> MATERIAL PROVIDED
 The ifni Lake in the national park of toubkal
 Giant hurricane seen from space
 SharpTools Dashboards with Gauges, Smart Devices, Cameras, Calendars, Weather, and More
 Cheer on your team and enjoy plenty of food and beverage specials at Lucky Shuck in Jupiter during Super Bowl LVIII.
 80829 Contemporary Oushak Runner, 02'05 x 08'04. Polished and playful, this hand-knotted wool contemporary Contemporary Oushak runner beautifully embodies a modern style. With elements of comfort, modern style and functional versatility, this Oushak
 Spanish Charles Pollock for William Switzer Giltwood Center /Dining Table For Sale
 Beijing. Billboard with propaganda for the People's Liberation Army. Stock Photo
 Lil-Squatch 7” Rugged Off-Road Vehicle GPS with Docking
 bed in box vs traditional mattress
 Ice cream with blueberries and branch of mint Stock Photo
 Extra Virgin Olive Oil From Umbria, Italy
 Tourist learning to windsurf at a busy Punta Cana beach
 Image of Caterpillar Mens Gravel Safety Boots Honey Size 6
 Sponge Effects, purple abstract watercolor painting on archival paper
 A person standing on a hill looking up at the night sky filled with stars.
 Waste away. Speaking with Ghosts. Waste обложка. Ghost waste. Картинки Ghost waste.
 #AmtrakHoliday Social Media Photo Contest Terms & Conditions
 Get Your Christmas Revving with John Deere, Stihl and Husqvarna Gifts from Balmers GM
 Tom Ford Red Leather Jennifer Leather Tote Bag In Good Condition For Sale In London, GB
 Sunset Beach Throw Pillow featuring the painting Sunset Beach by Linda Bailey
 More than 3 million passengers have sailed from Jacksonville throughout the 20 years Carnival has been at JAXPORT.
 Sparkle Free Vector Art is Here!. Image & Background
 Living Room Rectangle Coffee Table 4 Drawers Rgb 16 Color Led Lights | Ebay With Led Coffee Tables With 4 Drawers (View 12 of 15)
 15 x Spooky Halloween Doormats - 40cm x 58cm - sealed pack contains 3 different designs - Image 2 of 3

> TASK REQUIREMENTS
Set down the complete listing once more, exactly as it appears.

> THE ANSWER
 The ifni Lake in the national park of toubkal
 Giant hurricane seen from space
 SharpTools Dashboards with Gauges, Smart Devices, Cameras, Calendars, Weather, and More
 Cheer on your team and enjoy plenty of food and beverage specials at Lucky Shuck in Jupiter during Super Bowl LVIII.
 80829 Contemporary Oushak Runner, 02'05 x 08'04. Polished and playful, this hand-knotted wool contemporary Contemporary Oushak runner beautifully embodies a modern style. With elements of comfort, modern style and functional versatility, this Oushak
 Spanish Charles Pollock for William Switzer Giltwood Center /Dining Table For Sale
 Beijing. Billboard with propaganda for the People's Liberation Army. Stock Photo
 Lil-Squatch 7” Rugged Off-Road Vehicle GPS with Docking
 bed in box vs traditional mattress
 Ice cream with blueberries and branch of mint Stock Photo
 Extra Virgin Olive Oil From Umbria, Italy
 Tourist learning to windsurf at a busy Punta Cana beach
 Image of Caterpillar Mens Gravel Safety Boots Honey Size 6
 Sponge Effects, purple abstract watercolor painting on archival paper
 A person standing on a hill looking up at the night sky filled with stars.
 Waste away. Speaking with Ghosts. Waste обложка. Ghost waste. Картинки Ghost waste.
 #AmtrakHoliday Social Media Photo Contest Terms & Conditions
 Get Your Christmas Revving with John Deere, Stihl and Husqvarna Gifts from Balmers GM
 Tom Ford Red Leather Jennifer Leather Tote Bag In Good Condition For Sale In London, GB
 Sunset Beach Throw Pillow featuring the painting Sunset Beach by Linda Bailey
 More than 3 million passengers have sailed from Jacksonville throughout the 20 years Carnival has been at JAXPORT.
 Sparkle Free Vector Art is Here!. Image & Background
 Living Room Rectangle Coffee Table 4 Drawers Rgb 16 Color Led Lights | Ebay With Led Coffee Tables With 4 Drawers (View 12 of 15)
 15 x Spooky Halloween Doormats - 40cm x 58cm - sealed pack contains 3 different designs - Image 2 of 3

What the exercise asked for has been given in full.